Return exactly, with nothing added, the lines from the one that contains "Selenium supplements for Livestock" through the end of the listing below, pictures excluded.

START Stored data

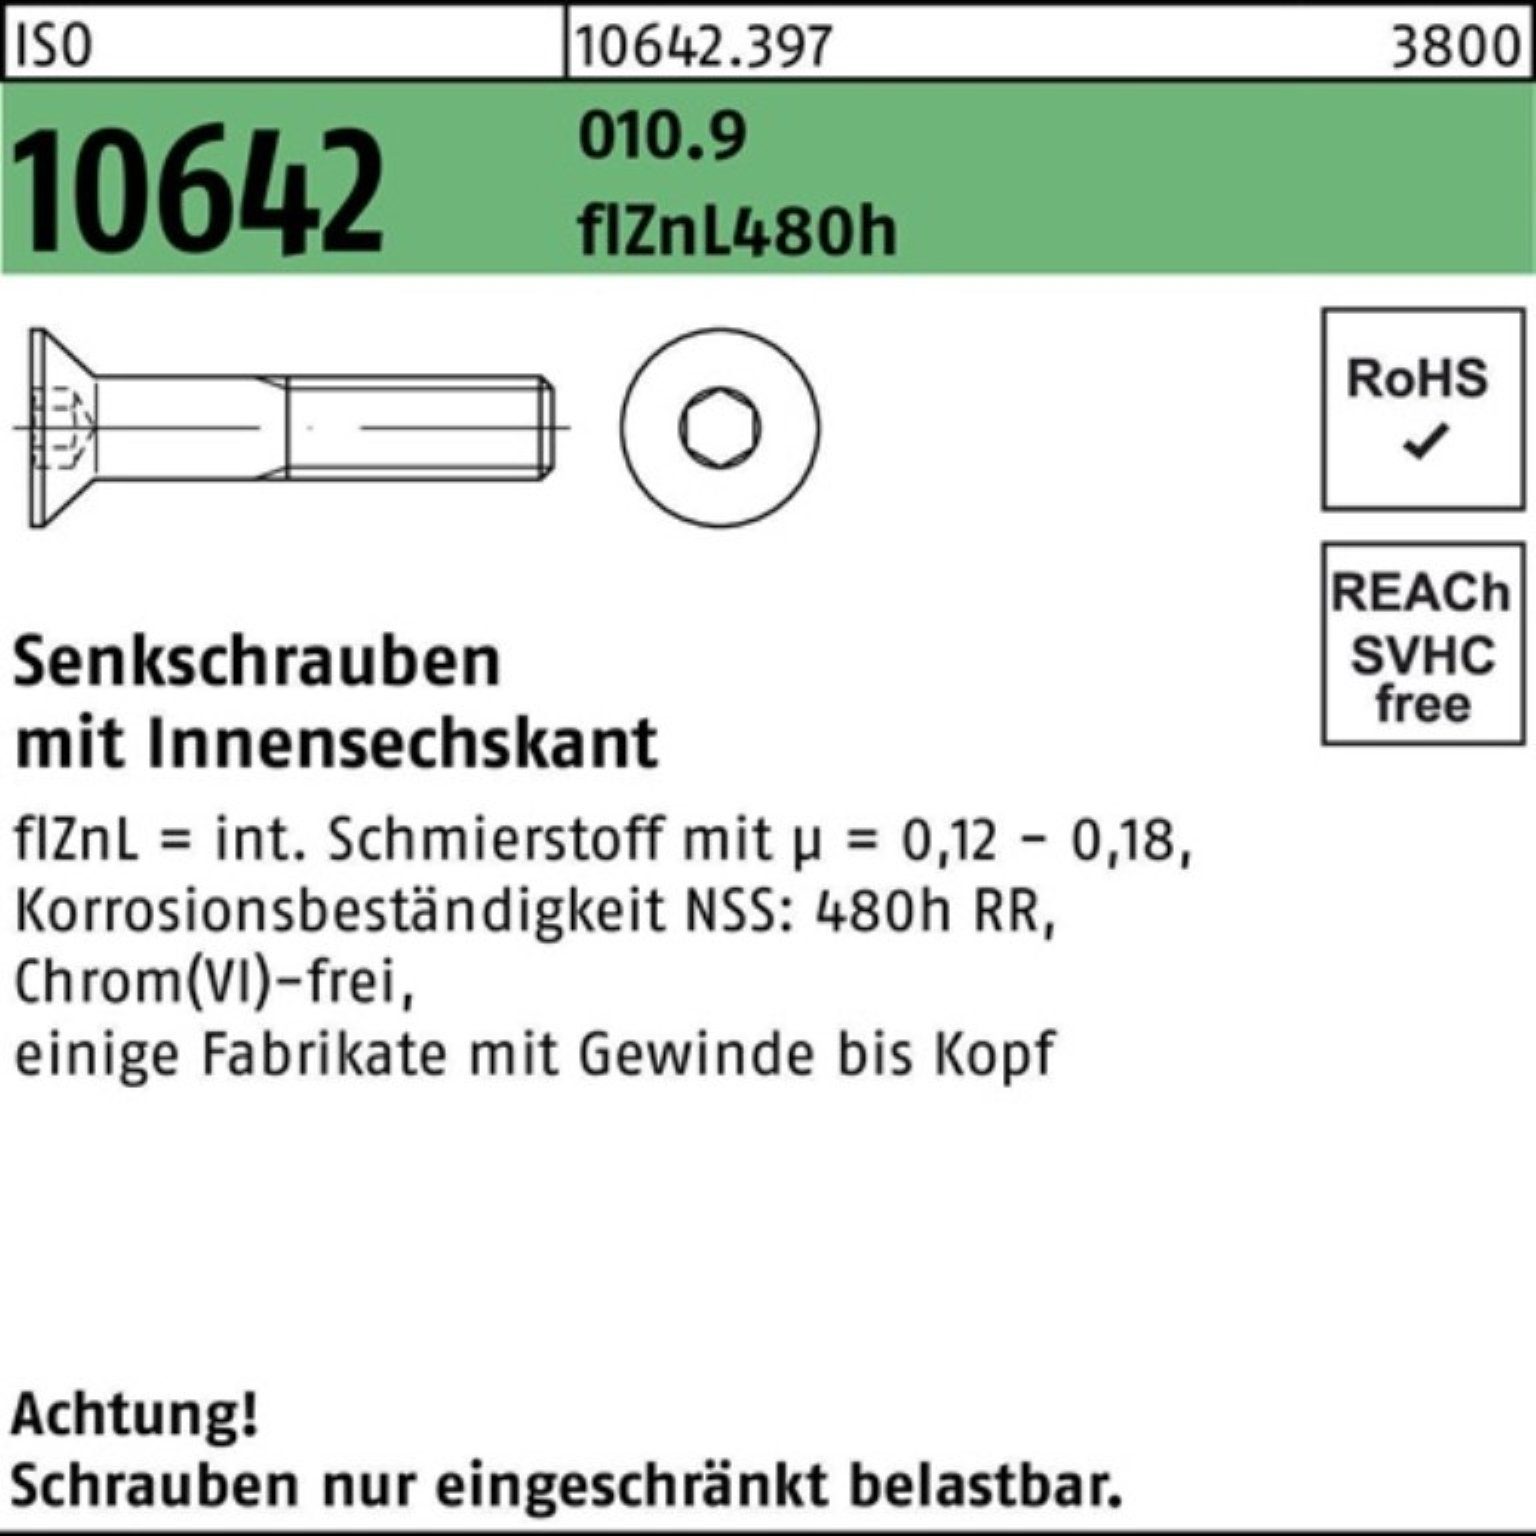 zi 010.9 Pack ISO Innen-6kt 480h 10642 100er M10x60 Senkschraube Reyher flZnL Senkschraube
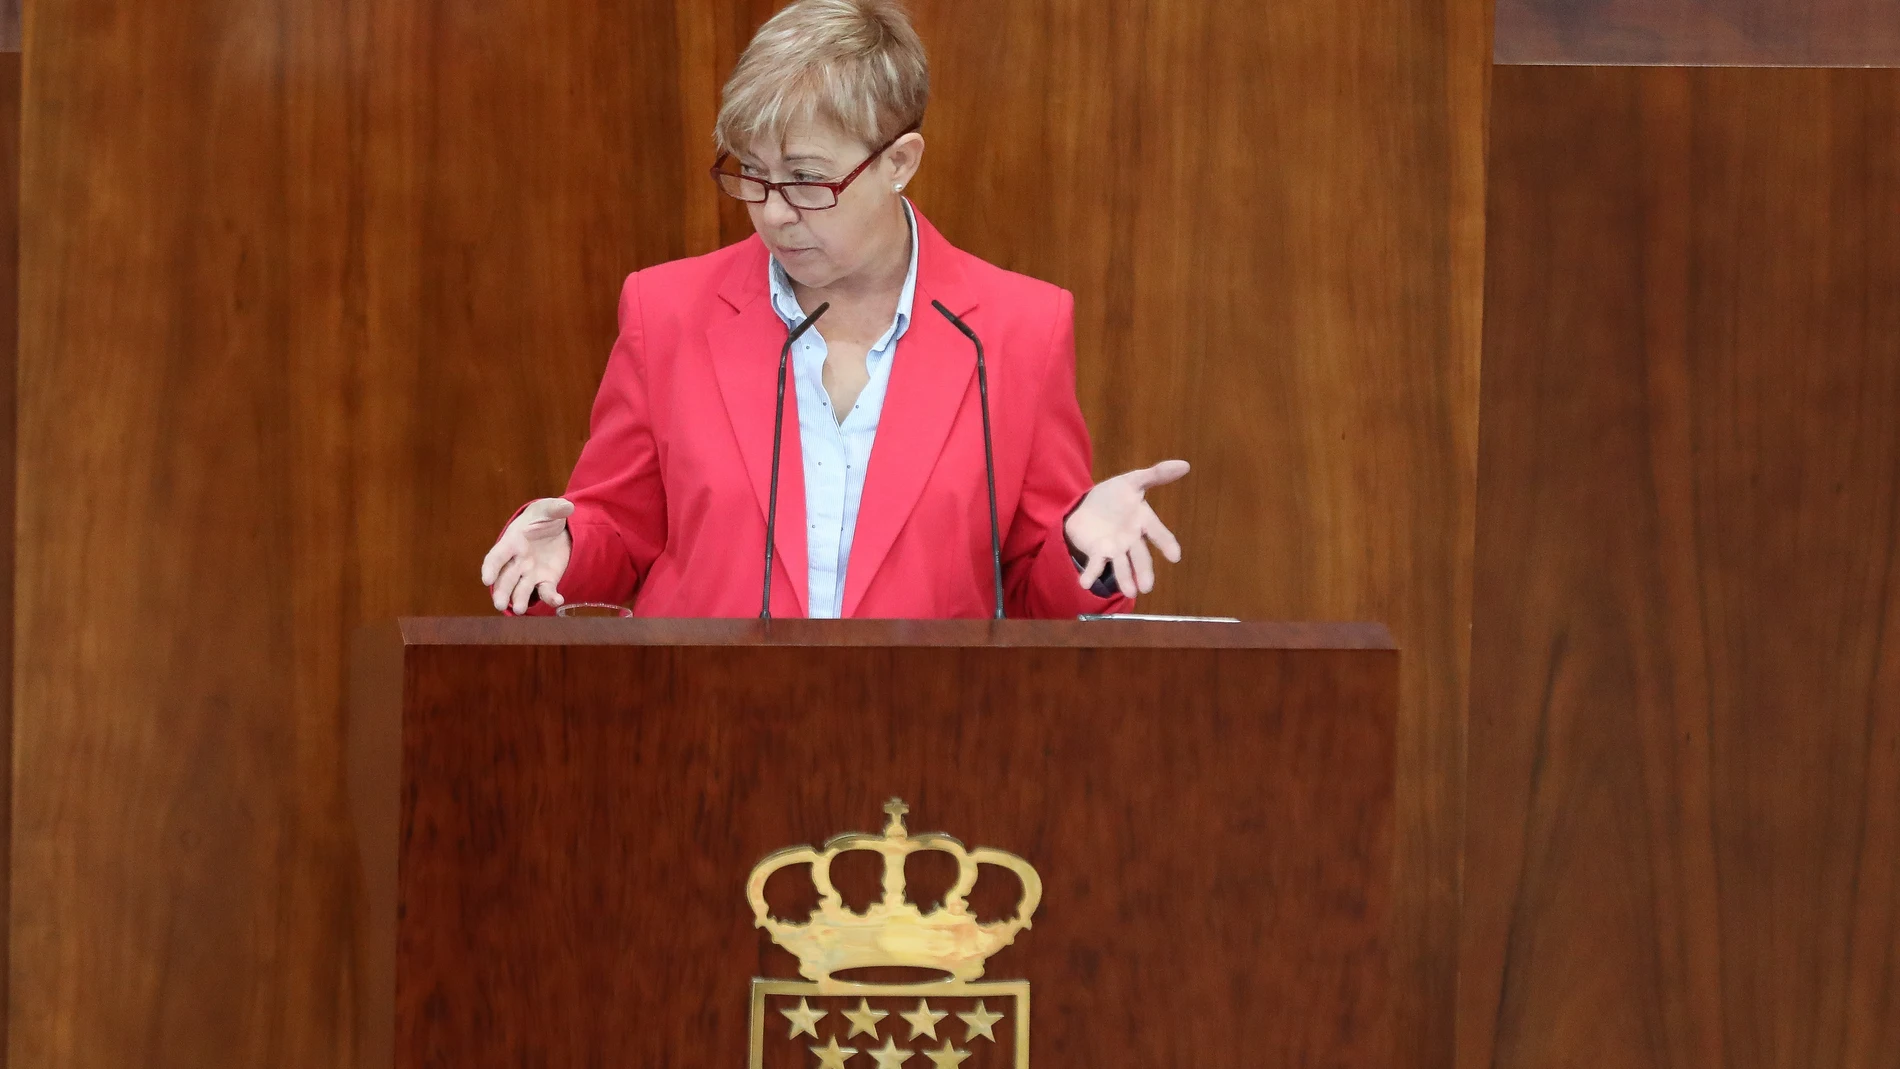 La diputada del PSOE Carmen López durante la intervención en la Asamblea, en noviembre pasado, cuando cuestionó al hermano de la presidenta regional
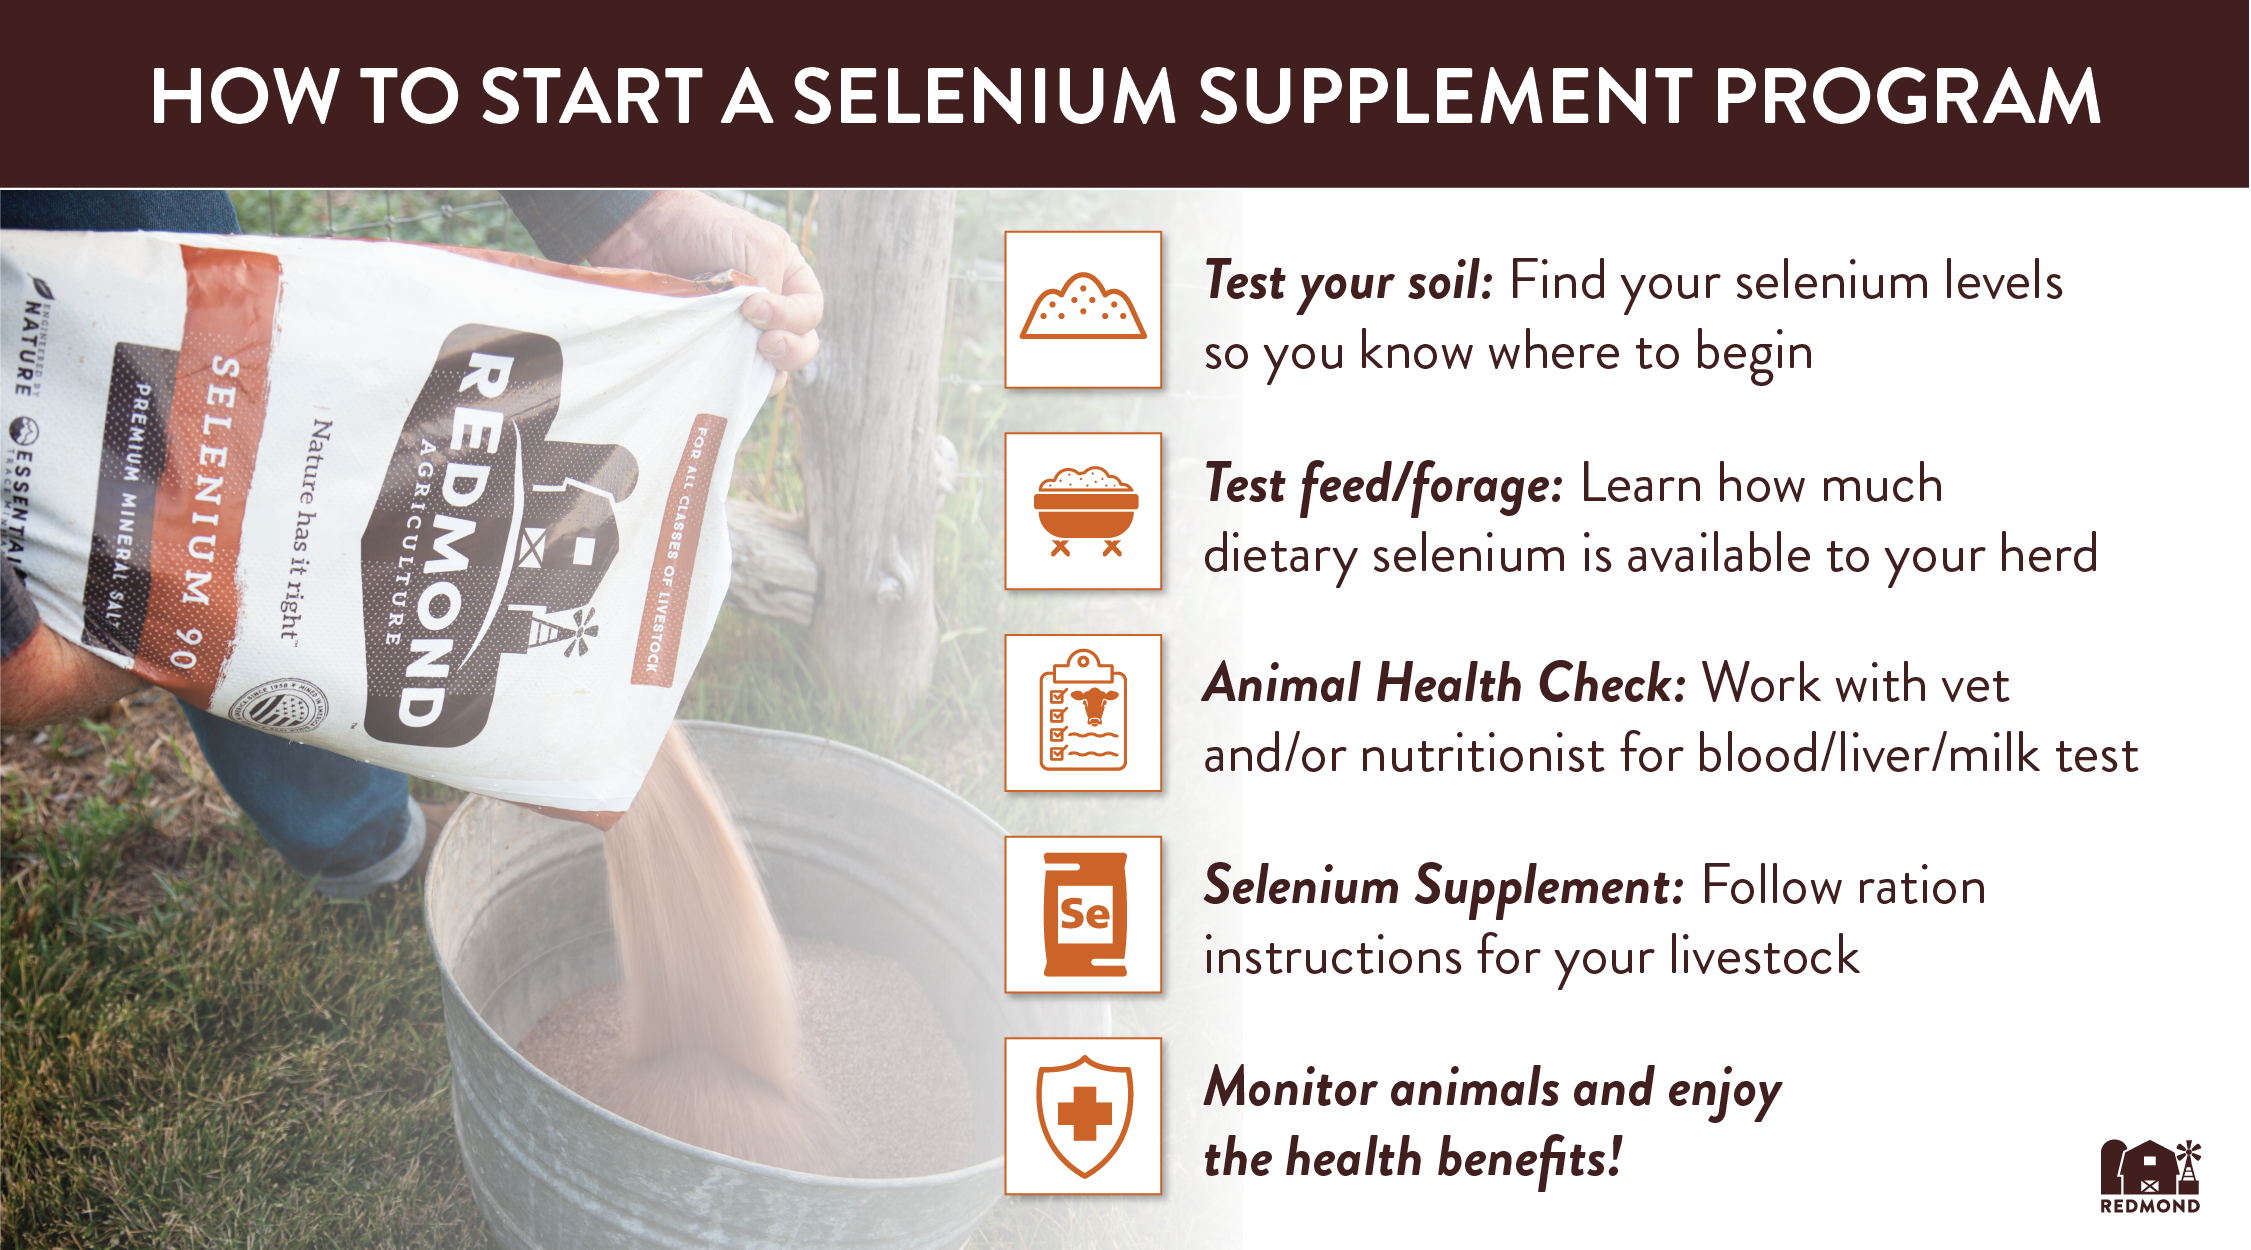 Selenium supplements for Livestock
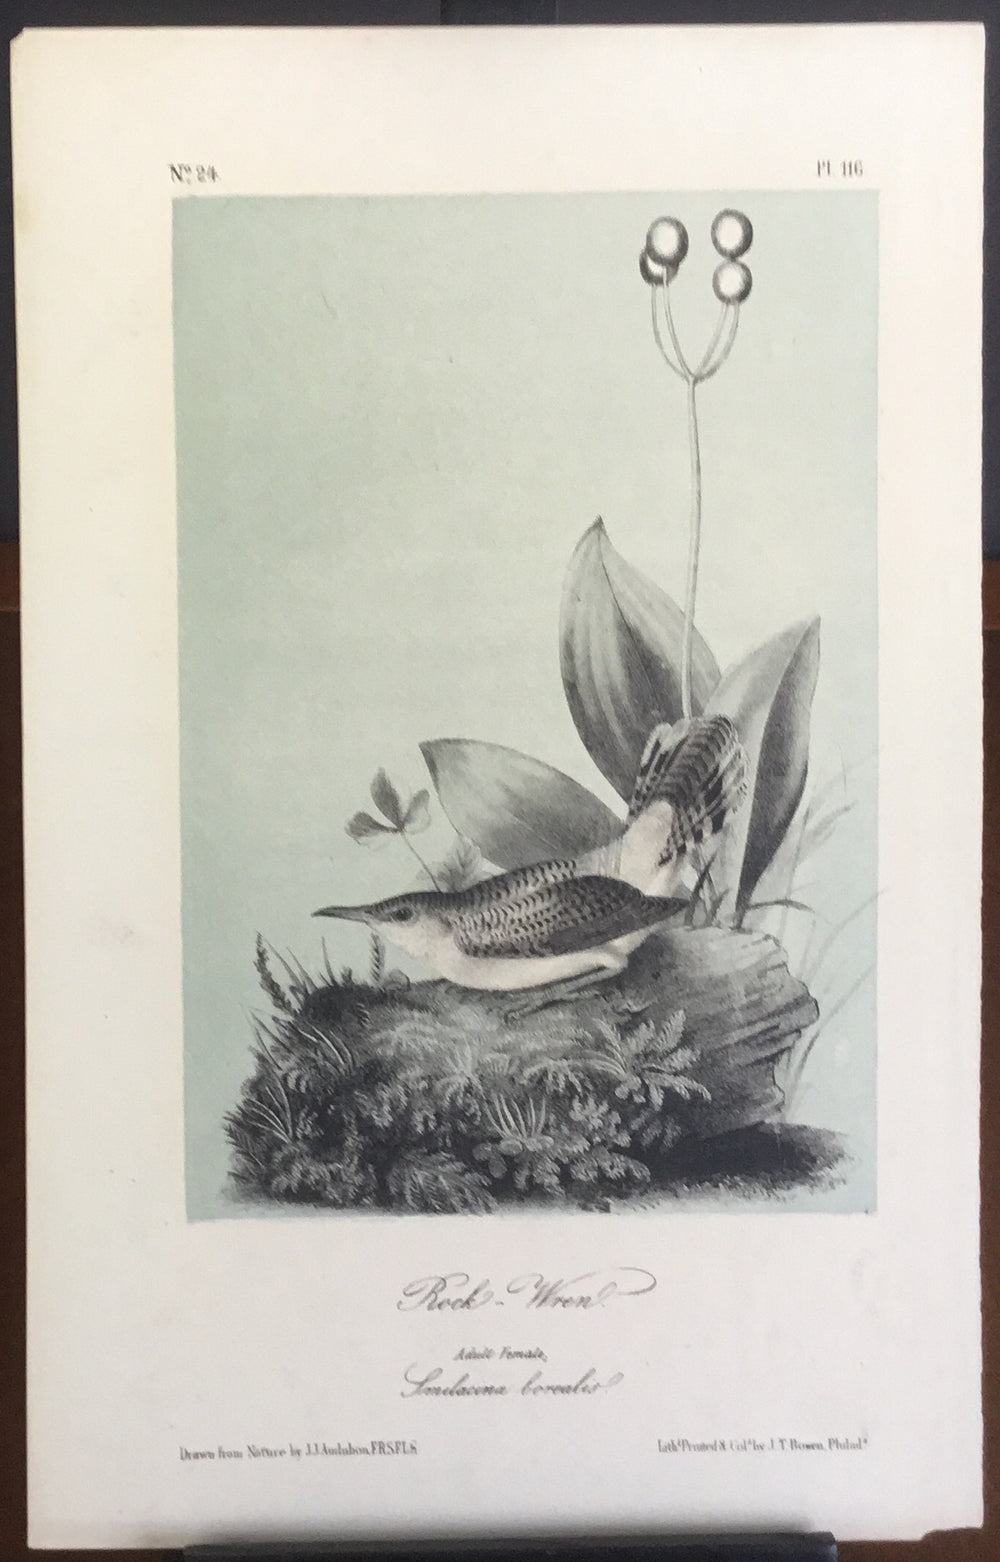 Audubon Octavo Rock Wren, plate 116, uncolored test sheet, 7 x 11

END Stored data

**Task output:**
 Selenium supplements for Livestock
 Audubon Octavo Rock Wren, plate 116, uncolored test sheet, 7 x 11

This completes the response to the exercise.